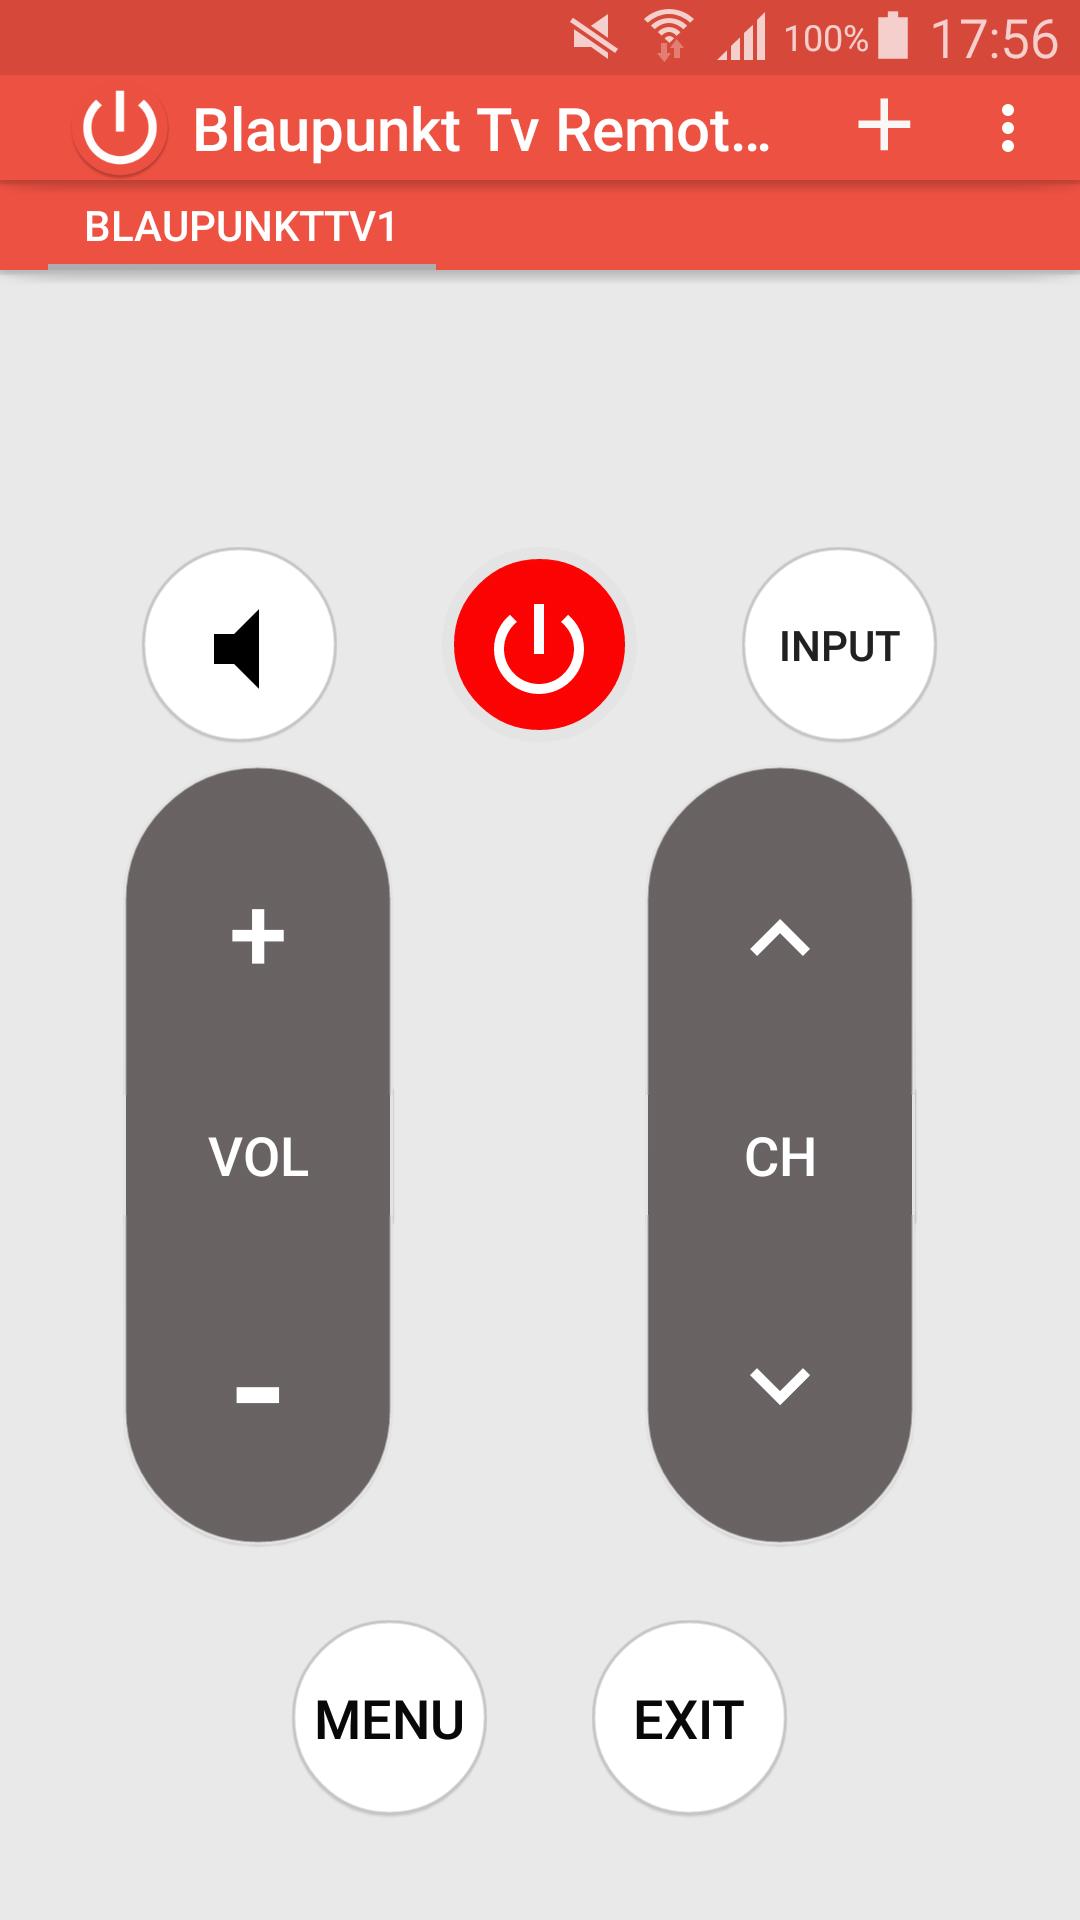 Blaupunkt Tv Remote Control für Android - APK herunterladen
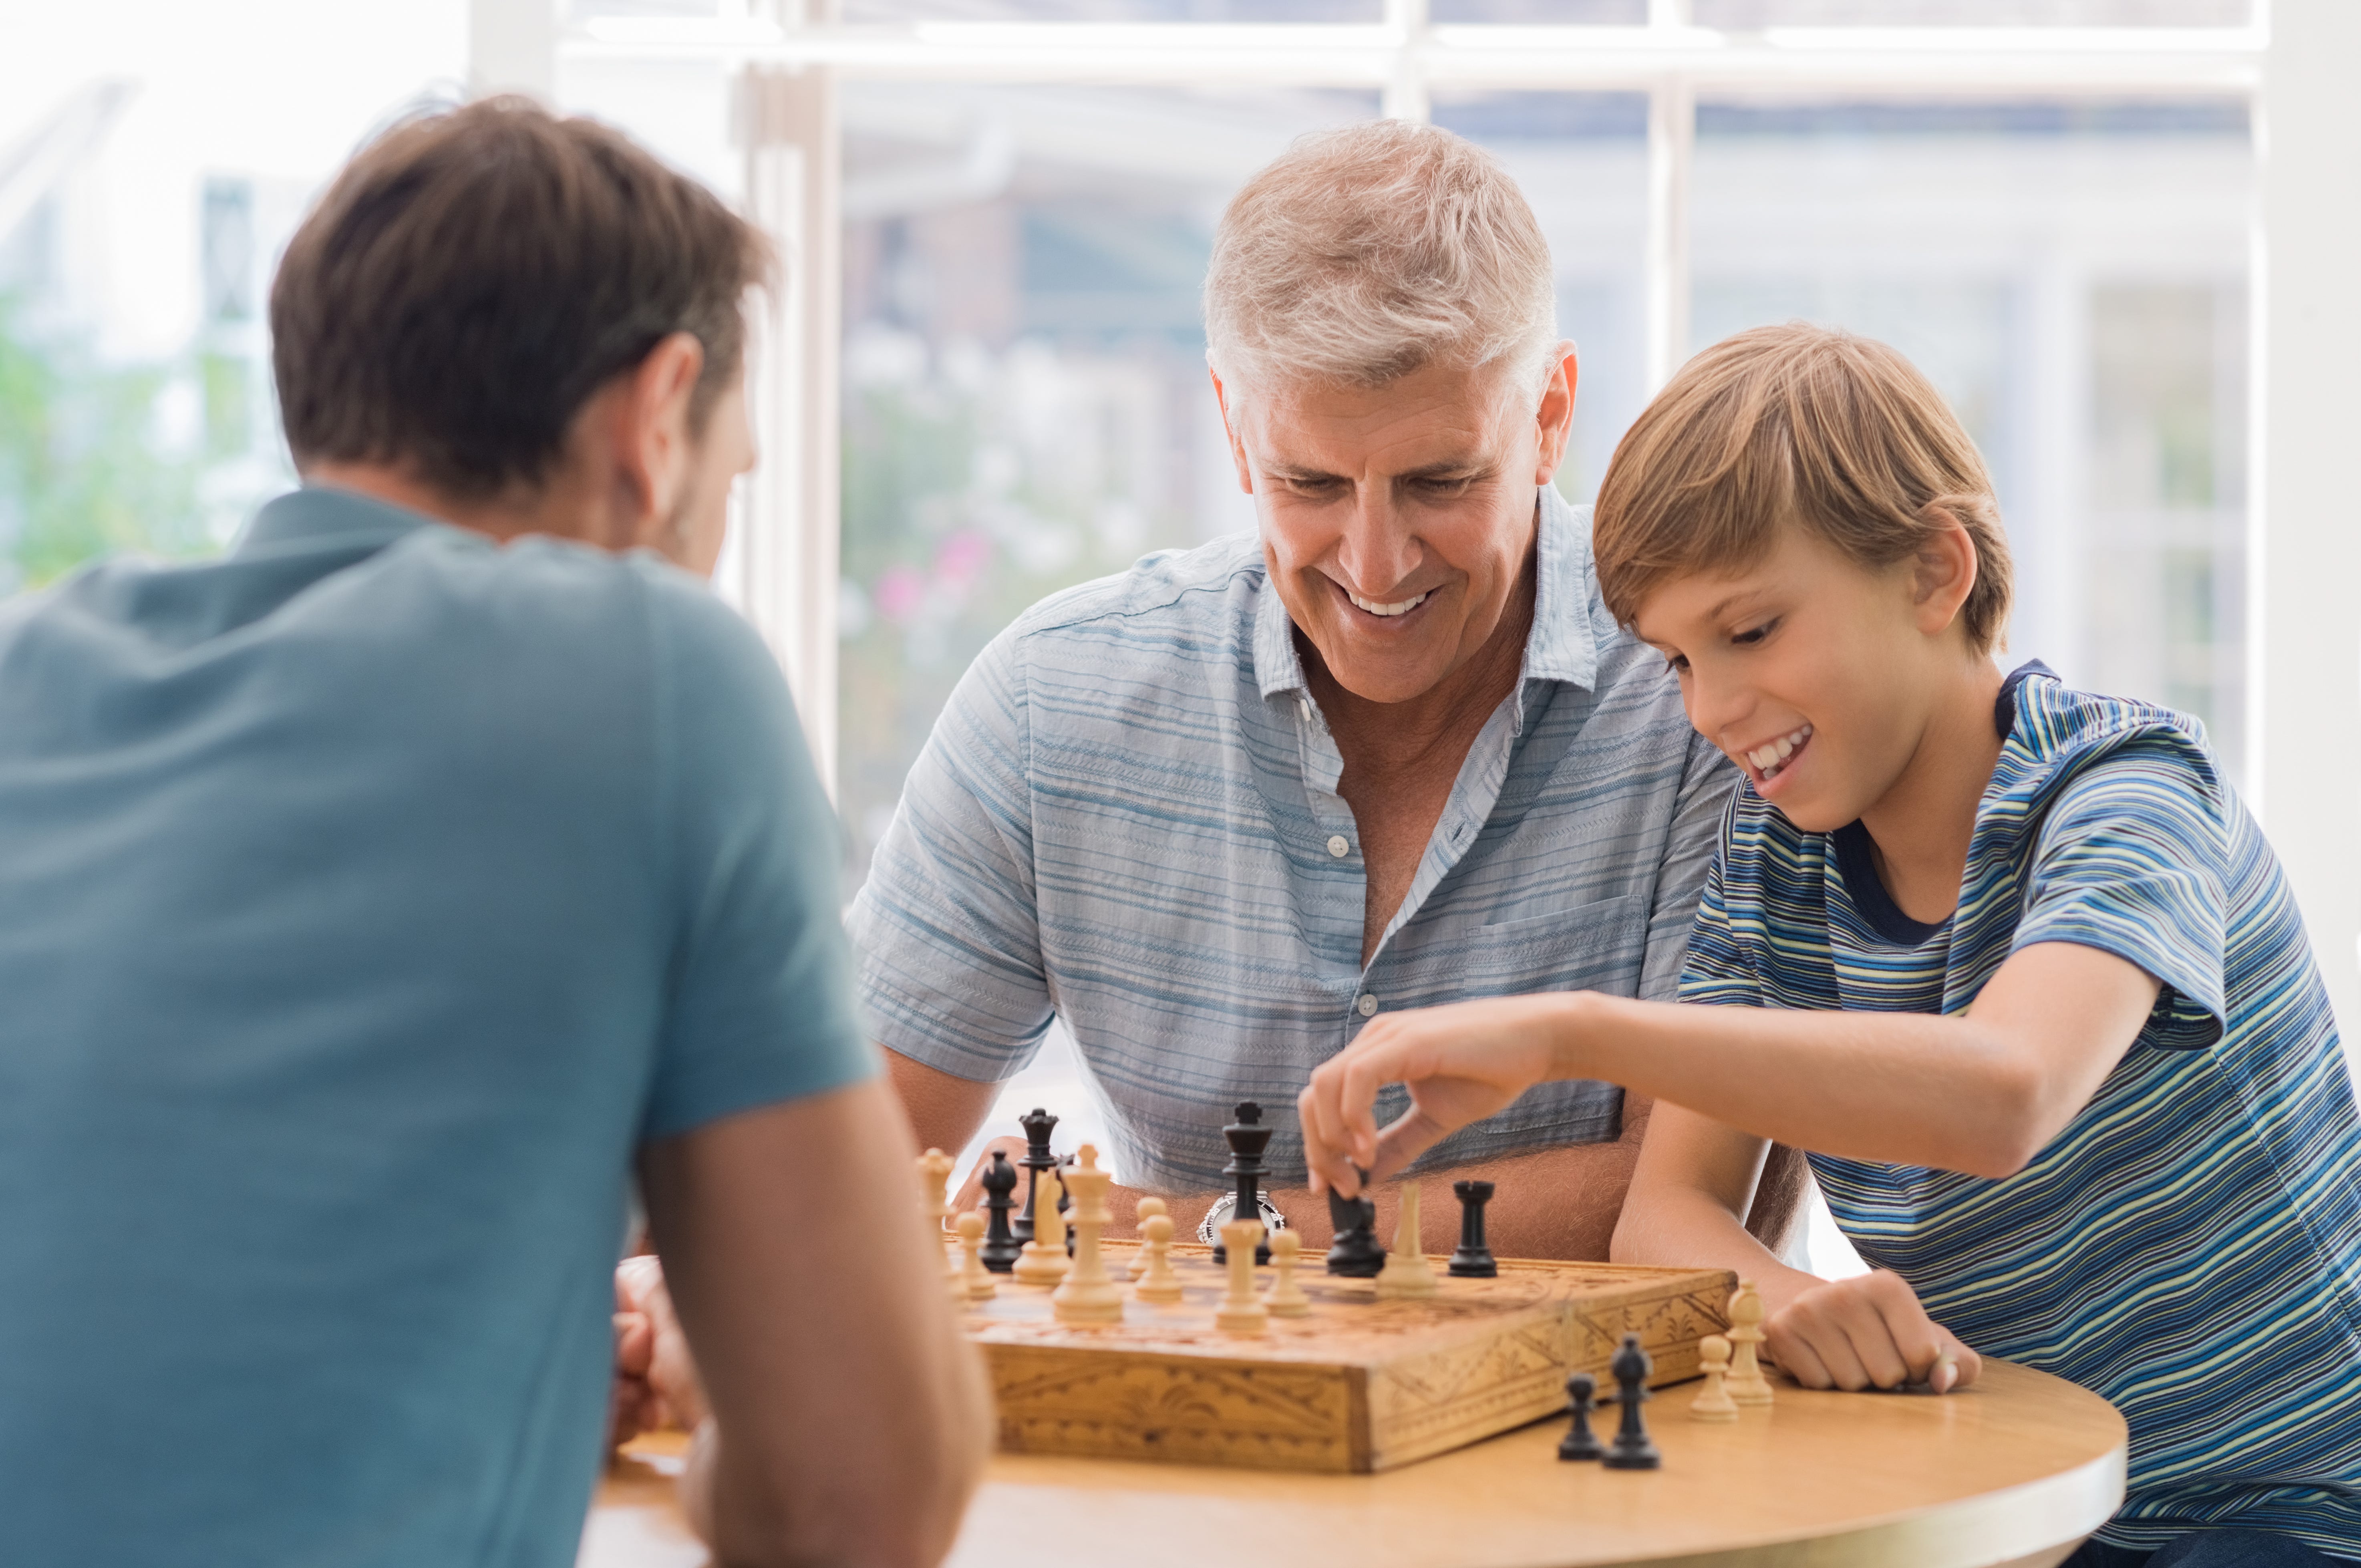 Папа играет в шахматы. Люди играющие в настольные игры. Шахматы для детей. Шахматы семья. Дети играющие в настольные игры.
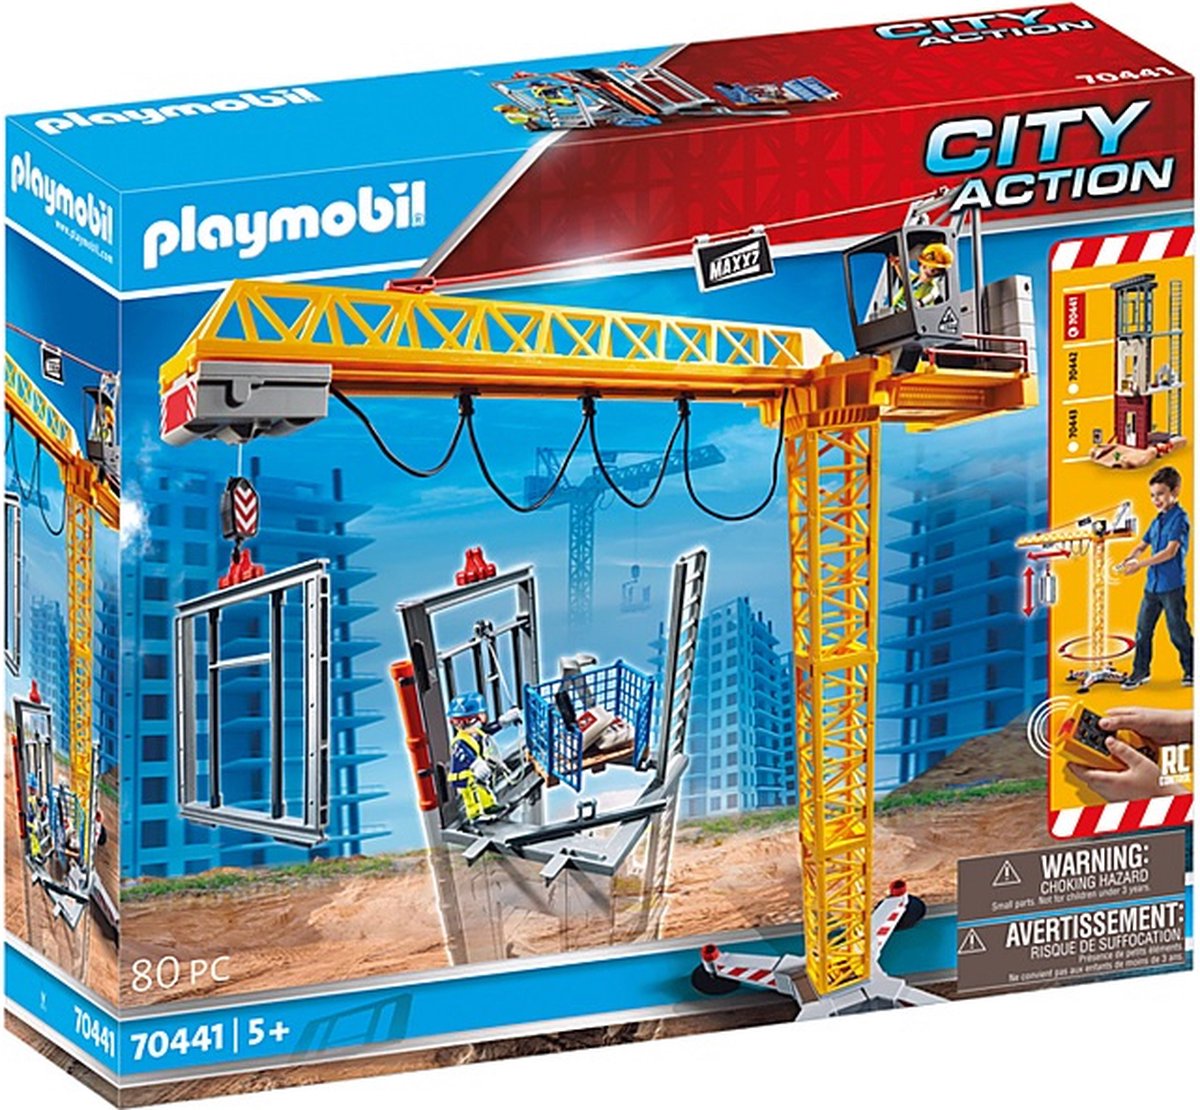 PLAYMOBIL City Action RC bouwkraan met bouwonderdeel - 70441

PROBLEM DETAILS: Reproduce, exactly and without pictures, the lines above from the one containing "Папа играет в" through the last line of the material, both ends included, and nothing more.

THE ANSWER:
 Папа играет в шахматы. Люди играющие в настольные игры. Шахматы для детей. Шахматы семья. Дети играющие в настольные игры.
 PLAYMOBIL City Action RC bouwkraan met bouwonderdeel - 70441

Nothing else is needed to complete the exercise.